I am indebted to my friends who served as my steadfast cheerleaders, offering constant encouragement and motivation throughout this journey. Their genuine interest in my progress, their willingness to listen to my ideas (even when they were highly technical), and words of encouragement during challenging times kept me going. They reminded me of the importance of my work when I was too close to see it, and celebrated my milestones, no matter how small. Their friendship and support have been a source of strength and inspiration throughout this process.

My gratitude extends to the vibrant open-source communities, particularly Ray, MLFlow, Spark, Kubeflow and others, whose innovations have inspired much of my work. The spirit of collaboration and knowledge-sharing in these communities has been a guiding light for me. I’ve built upon the foundations they have laid, and I hope this book contributes back to the collective knowledge pool.

I also acknowledge the authors whose books on related topics have influenced my perspective and approach. Their works have been my teachers, challenging me to think deeper and strive for clarity in my explanations. The insights I’ve gained from their writings have shaped my understanding of the field and influenced how I’ve chosen to present complex topics.
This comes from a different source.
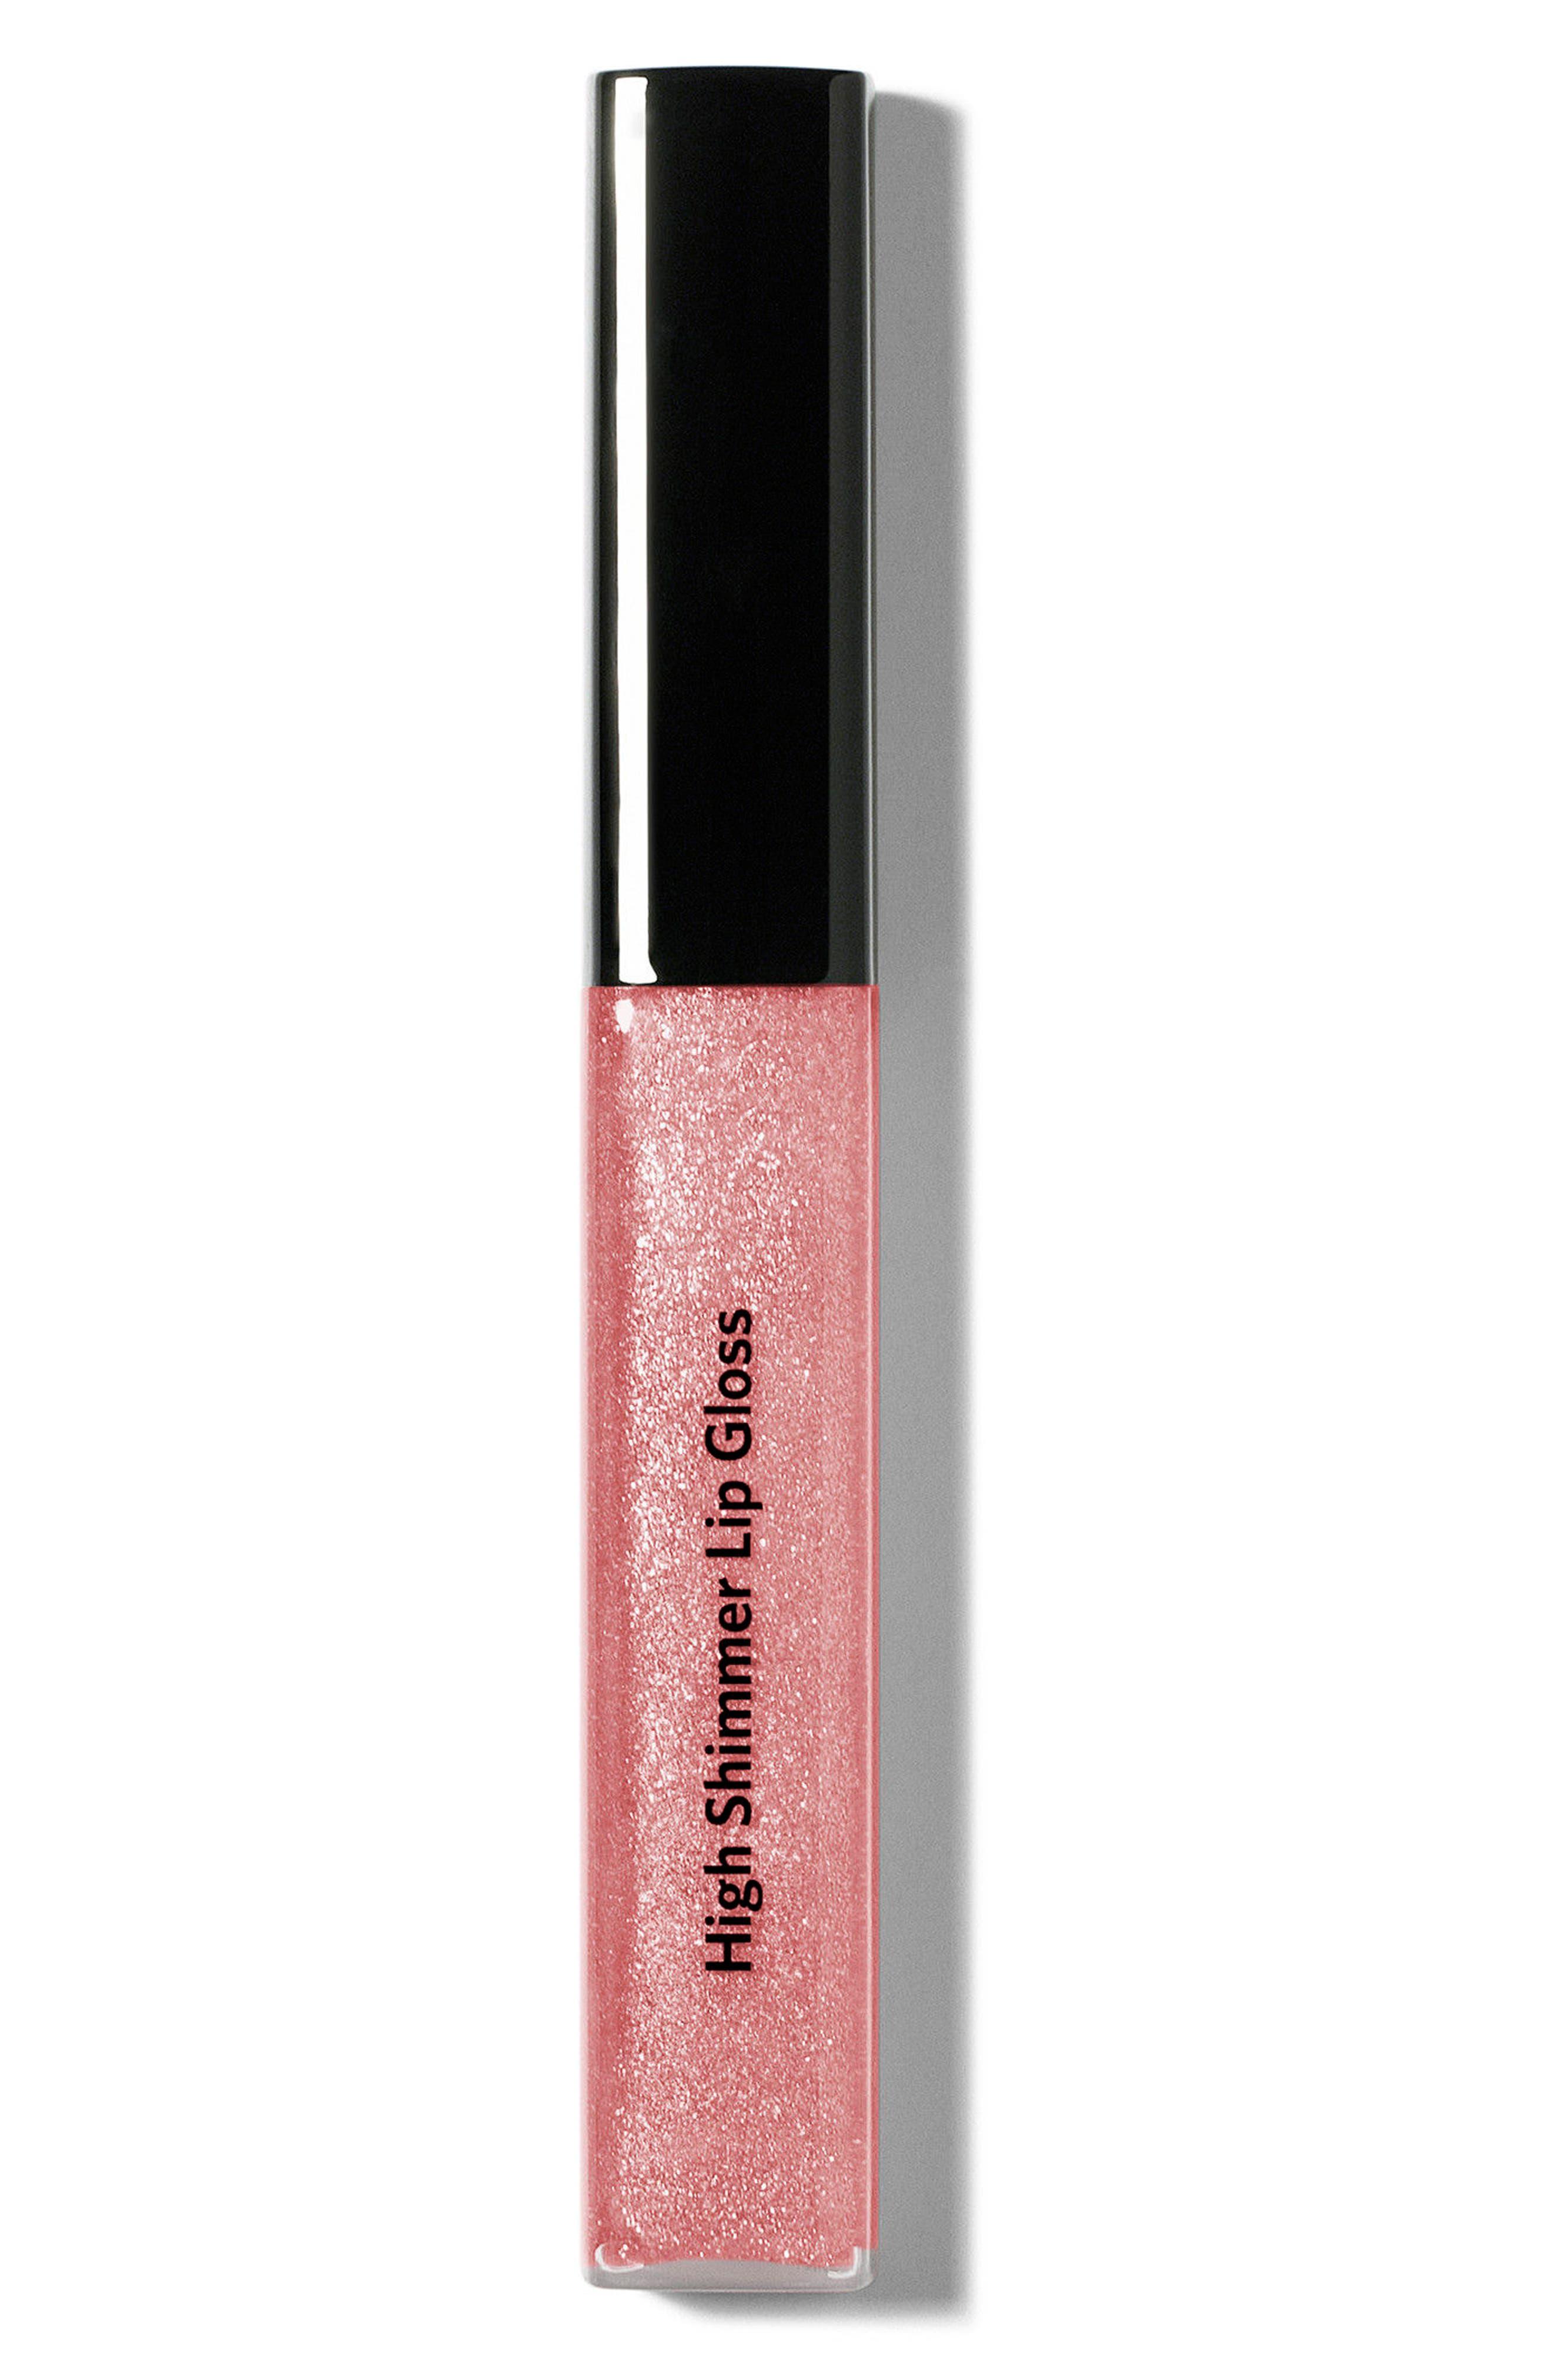 Metallic Lipstick Lip Gloss Color Nordstrom Torch Tshirt Women Pink Fuchsia L

Finally, I want to recognize the wealth of knowledge shared through various online platforms including Medium, GitHub, and Reddit. These resources have been an invaluable source of cutting-edge information, practical tips, and real-world experiences. The discussions, code snippets, and articles I found on these platforms helped me refine my technical demonstrations and elevate the overall quality of my work. The global community of developers and data scientists who freely share their knowledge have been silent contributors to this book, and I am deeply appreciative of their collective wisdom.

👥 About the Authors

Elamaran (Ela) Shanmugam

Elamaran (Ela) Shanmugam is a Sr. Specialist Solutions Architect with Amazon Web Services with over 20 years of experience in architecting, developing and day 2 operations of large scale enterprise systems and applications. Ela helps AWS customers and partners to build products and services using modern technologies to enable their business. Ela is a Container, App Modernization, Observability, Generative AI and Machine Learning SME and helps AWS partners and customers design and build scalable, secure, and optimized workloads on AWS. Being a Sr. technologist, Ela’s focus is on modern application development, cloud migration, modernization and automation. Being at AWS, Ela enjoys contributing to open source, public speaking, mentoring, and publishing engaging technical content such as AWS Whitepapers, AWS Blogs, Internal articles. Ela is based out of Tampa, Florida, and you can reach Ela on Twitter @IamElaShan and elamaran11 on GitHub.

Re Alvarez Parmar

Re Alvarez Parmar has spent over two decades architecting, building, and operating enterprise systems and infrastructure. In his current role at AWS as Principal Solutions Architect, he helps some of most the sophisticated Automotive companies modernize and scale their software architecture using cloud. His focus over the past few years has been cloud-native architecture, modern application development, and distributed systems.